Subject:
Re: [NABOKV-L] SIGHTING: Nabokov in Berlin
From:
Jansy <jansy@aetern.us>
Date:
Tue, 4 Jan 2011 14:34:44 -0200
To:
Vladimir Nabokov Forum <NABOKV-L@LISTSERV.UCSB.EDU>

Sandy Klein sends: "Lesley Chamberlain takes a closer look at Vladimir Nabokov’s relationship with Berlin (Nabokov in Berlin, 1936)."  http://www.slowtravelberlin.com/2011/01/03/nabokov-in-berlin/ 
 
JM: Thanks, again, Sandy for bringing to the Nab-L diverse and fascinating articles and reviews about Nabokov, like this intelligent appraisal of Nabokov's Berlin, which shows, among other things, the historical importance of his depiction of this central German city to situate, in time-space, not only Germany, but Western world's vulgarity in-between WWI and WWII and at present, the pains of immigration, the meanders of economic pressures, politics and fantasy in Art.

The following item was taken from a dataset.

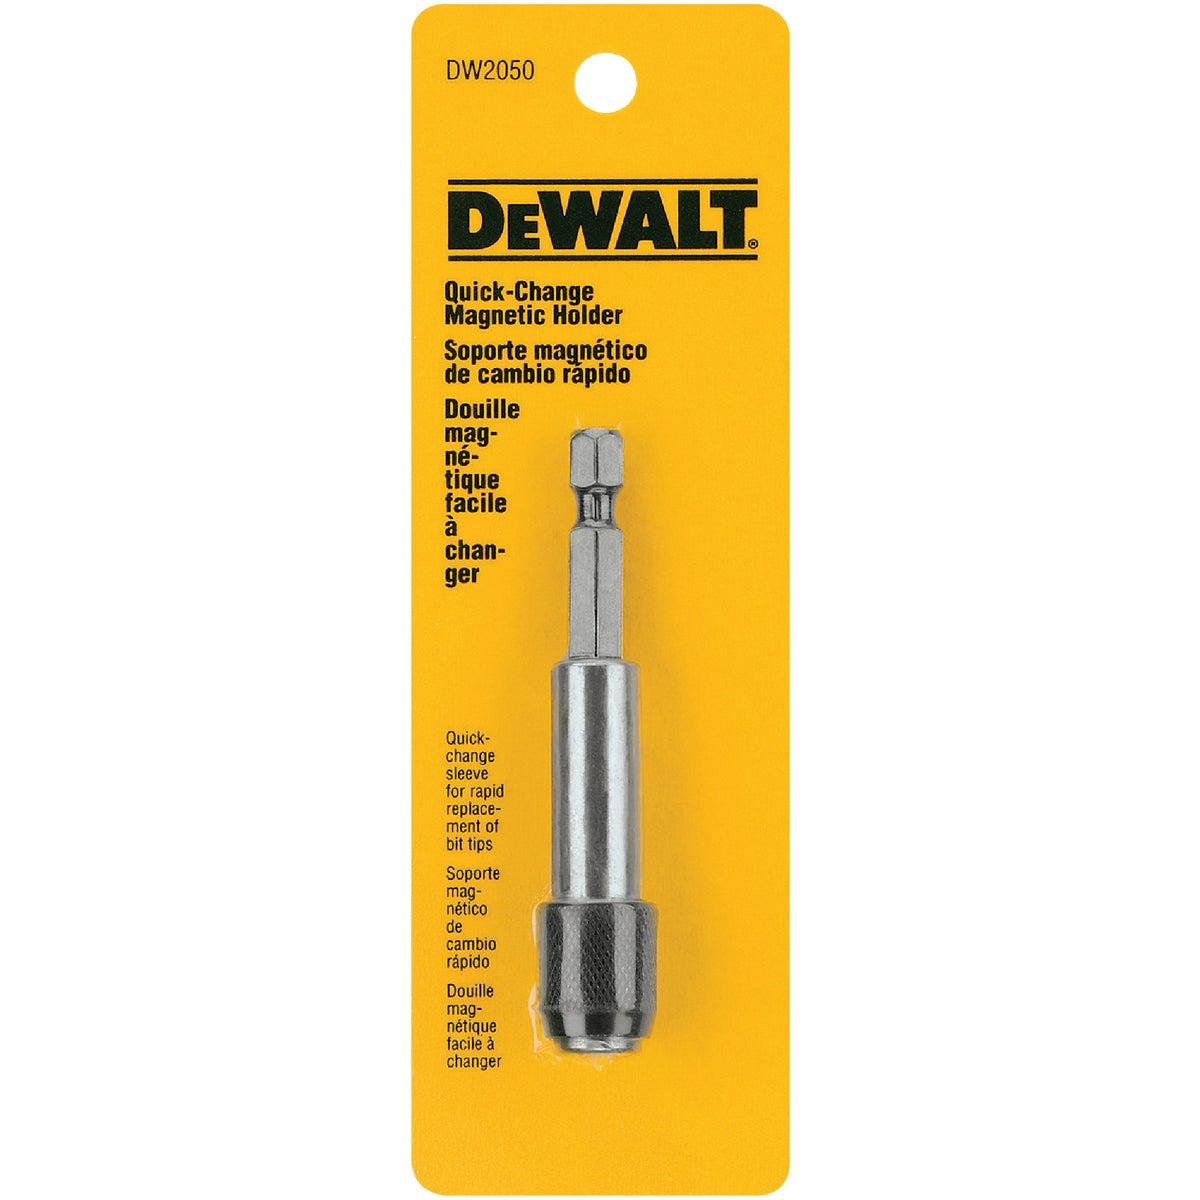 DeWalt Quick Change Magnetic Bit Holder, DW2050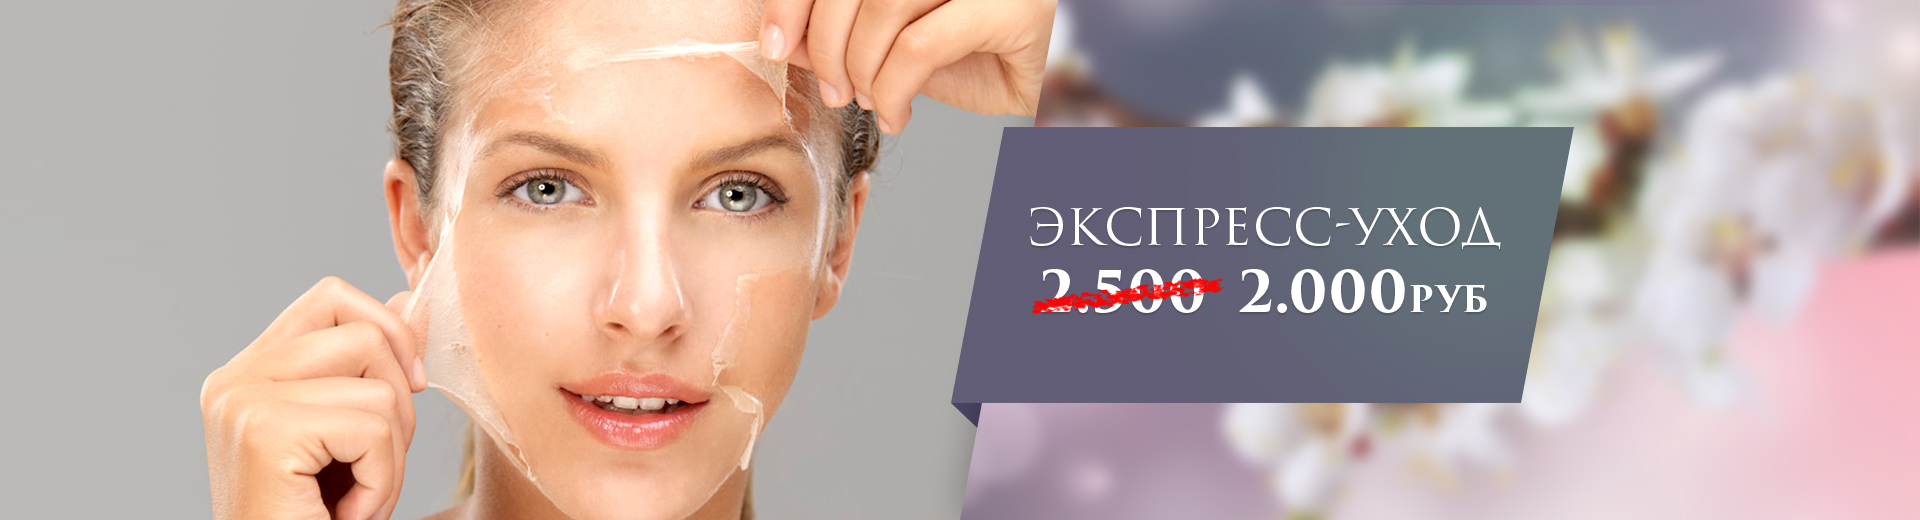 Экспресс-уход за 2000 рублей

Chamberlain's sensibilty is equally revelatory when she dwells on how Nabokov's "brutal insights produced their own kind of beauty on the page," since the key lies in "Light-heartedness and a tendency to fairytale," and its "additional spin with the gift of seeing everything symbolically." 
For Chamberlain, Nabokov's fascination with the vices of modern culture "would later almost overwhelm him in the US...As consumerism and Hitler rose together so Nabokov treated totalitarian politics principally as aesthetically repugnant," before she adds: "Nabokov, who saw in art the possibility of redemption, was tempted to think taste ruled out evil...Errancy from paradise preoccupied him...With wit and imagery he makes us feel we are in paradise too, though our entertainer is the devil," for if "the kindliness of memory recreates Eden...perversity razes it to the ground...He made it his task to find beautiful metaphors even for evil."
If "Post-war Berlin was the fallen city for Nabokov...so in a concealed self-exploration he found out how to make his narcissists and perverts and woman-haters (lots of those), as well as his humble losers, lovable. He loathed the idea of Freudian intrusions into his work. One can see why..." For Chamberlain, Nabokov "came out of a time which could not contemplate the collapse of life as an aesthetic paradise for the few. Yet collapse it did." and she seems to suggest that Nabokov was able to recover Arcadia from the ashes, not only to satisfy his demanding artistic taste, or to achieve redepmtion through art, but to extend to the common people this artistic form of metamorphosis ranging from philistinism towards beauty, when she wistfully adds: "In Penguin’s sumptuous new Nabokov Library, we can return to that paradise lost."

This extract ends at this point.